Nacho Libre Review

Nacho Libre
Nacho (Black) is a priest who’s into wrestling. To fund his orphanage’s shortage of salad come dinnertime, he moonlights as a heroic if notably unsuccessful wrestler. But can this be the work of God? And what will he do about his feelings for the new nun

by Ian Nathan |
Published on
Release Date:

11 Aug 2006

Running Time:

92 minutes

Certificate:

12A

Original Title:

Nacho Libre

These are the facts. Jack Black as Nacho, the tubby Mexican friar-turned-wrestler with a heart of pure gold and stretchy pants of sky-blue is hilarious, puckering up a thick, silly Latin accent where he pronounces “kisses” as “keeses” beneath an unpruned moustache borrowed from Zorro. Héctor Jiménez as Esqueleto The Skeleton, Nacho’s bone-bag of a wrestling partner, has ribs like railings and a smile that forklifts open. He’s as sweet as a pea and is frequently battered stupid. Mike White’s script is brimful of chipper nonsense and loopy set-ups throughout its winning tale of this hopeful but idiotic dreamer who cooks revolting stews for his orphan wards while living a double-life as a Lucha Libre fighter, and also wrestles with his growing desires for pretty Sister Encarnación. It’s more or less School Of Rock with gimp masks and hot nuns.
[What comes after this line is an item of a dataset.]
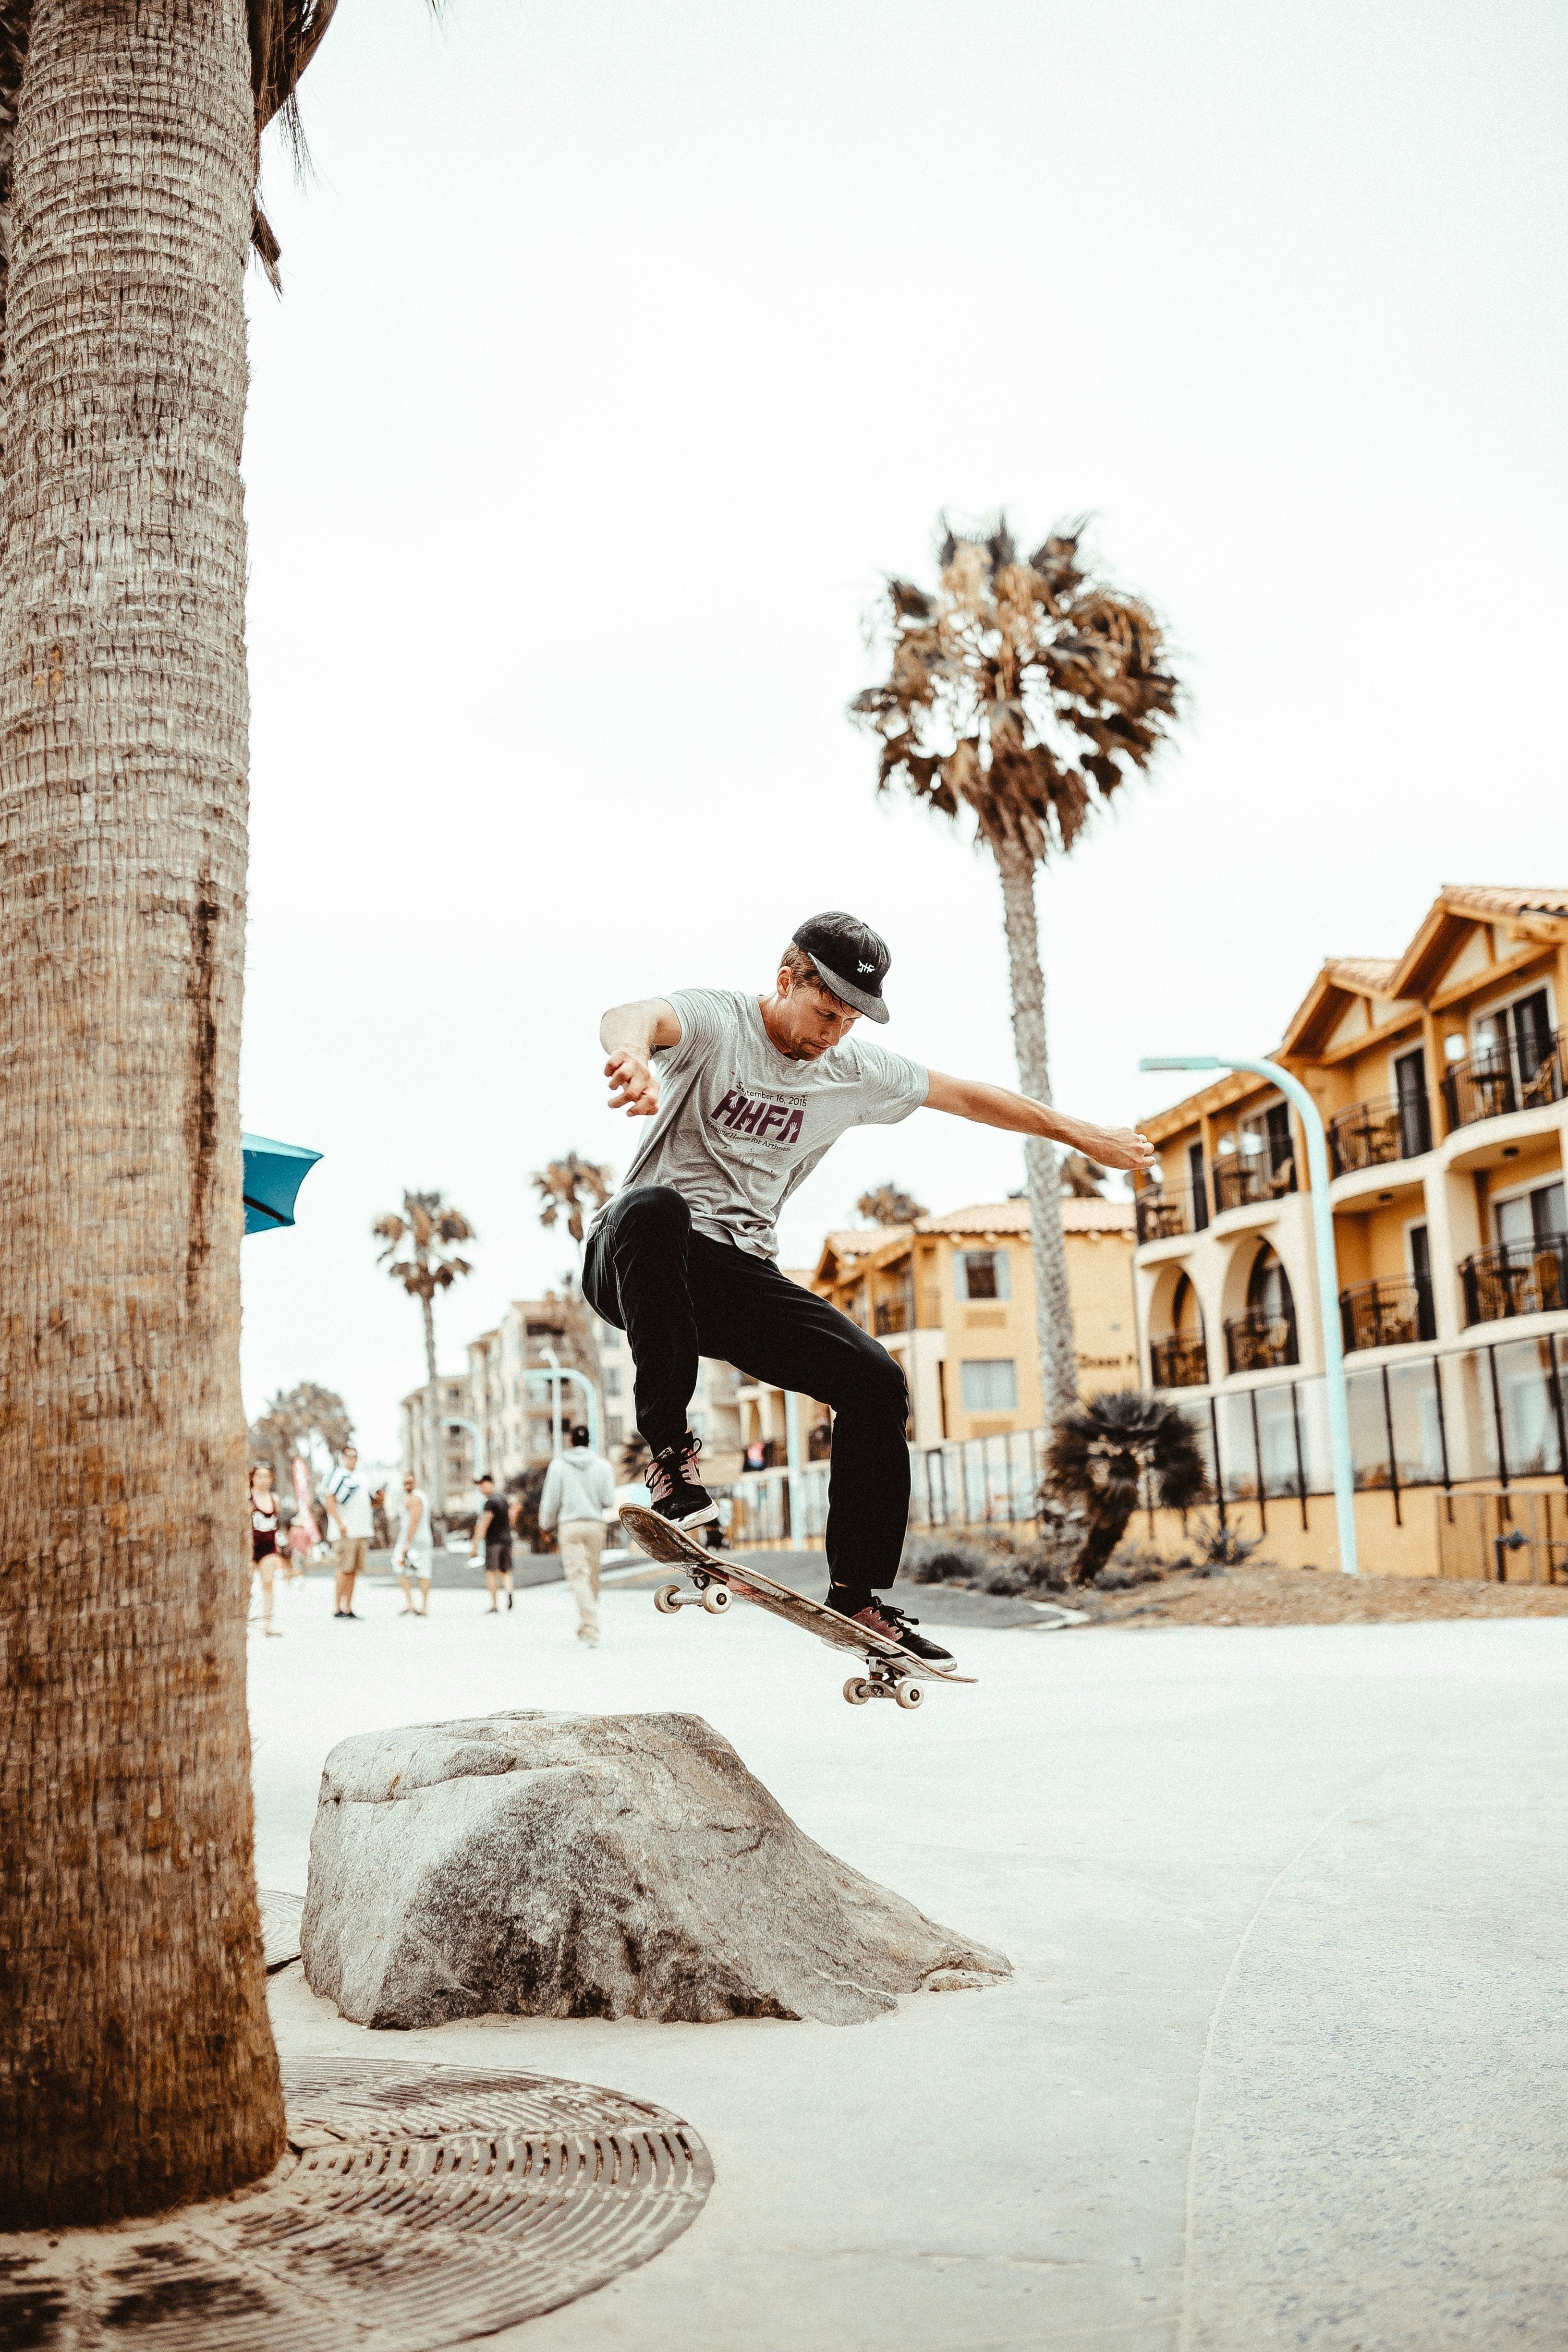 meesteres zweer Encommium Street Skateboarding [A Complete Guide]

Yet, for all its ripe ingredients, Nacho Libre is never truly a funny film.

There lies a cavernous divide between the comic vim of the funny-in-his-sleep Black and the kooky-clever director’s determination to pace his mania at a stoner’s plod. Jared Hess, the man

behind the edgeless Napoleon Dynamite, is an indiephile dedicated to a folksy nothingness, the cinematic equivalent of stretchy pants — loose, comfy and shapeless. The humour seems glued in place. Gags are clearly present, but it’s as if they’ve been muffled with a pillow.

This isn’t necessarily bad direction: Hess takes the time to touch base with the demented world of Mexican Libre movies  — dotty, south-of-the-border B-pics from the ’60s in which barrel-chested wrestlers fight werewolves and aliens — and shoots the film with a dreamy, sunset glow.

It is just that this is entirely the wrong style of direction for the material, like a jazz band determinedly pursuing clarinet solos at a heavy metal gig.

By no means unpleasant, Nacho Libre is too genial to ever grate, and there are chuckles — Black posturing round a ring like a potbellied peacock in bright red Bridget Jones knickers could make the dead smirk — but the film so openly hints at what should have been that it drives you to distraction. As the self-deluded Nacho breaks into self-composed song before his final heroic bout, with all Black’s trademark noodling (“I ate some bugs, I ate some grass, I used my hand to wipe my… tears!”), the movie too starts to sing, but it’s an infrequent bit of bliss in an frustratingly long-winded and finally vapid comedy .

A daft idea perfectly calibrated to Black’s pop mania, then hermetically sealed by a director who thinks he’s making a Hal Hartley movie.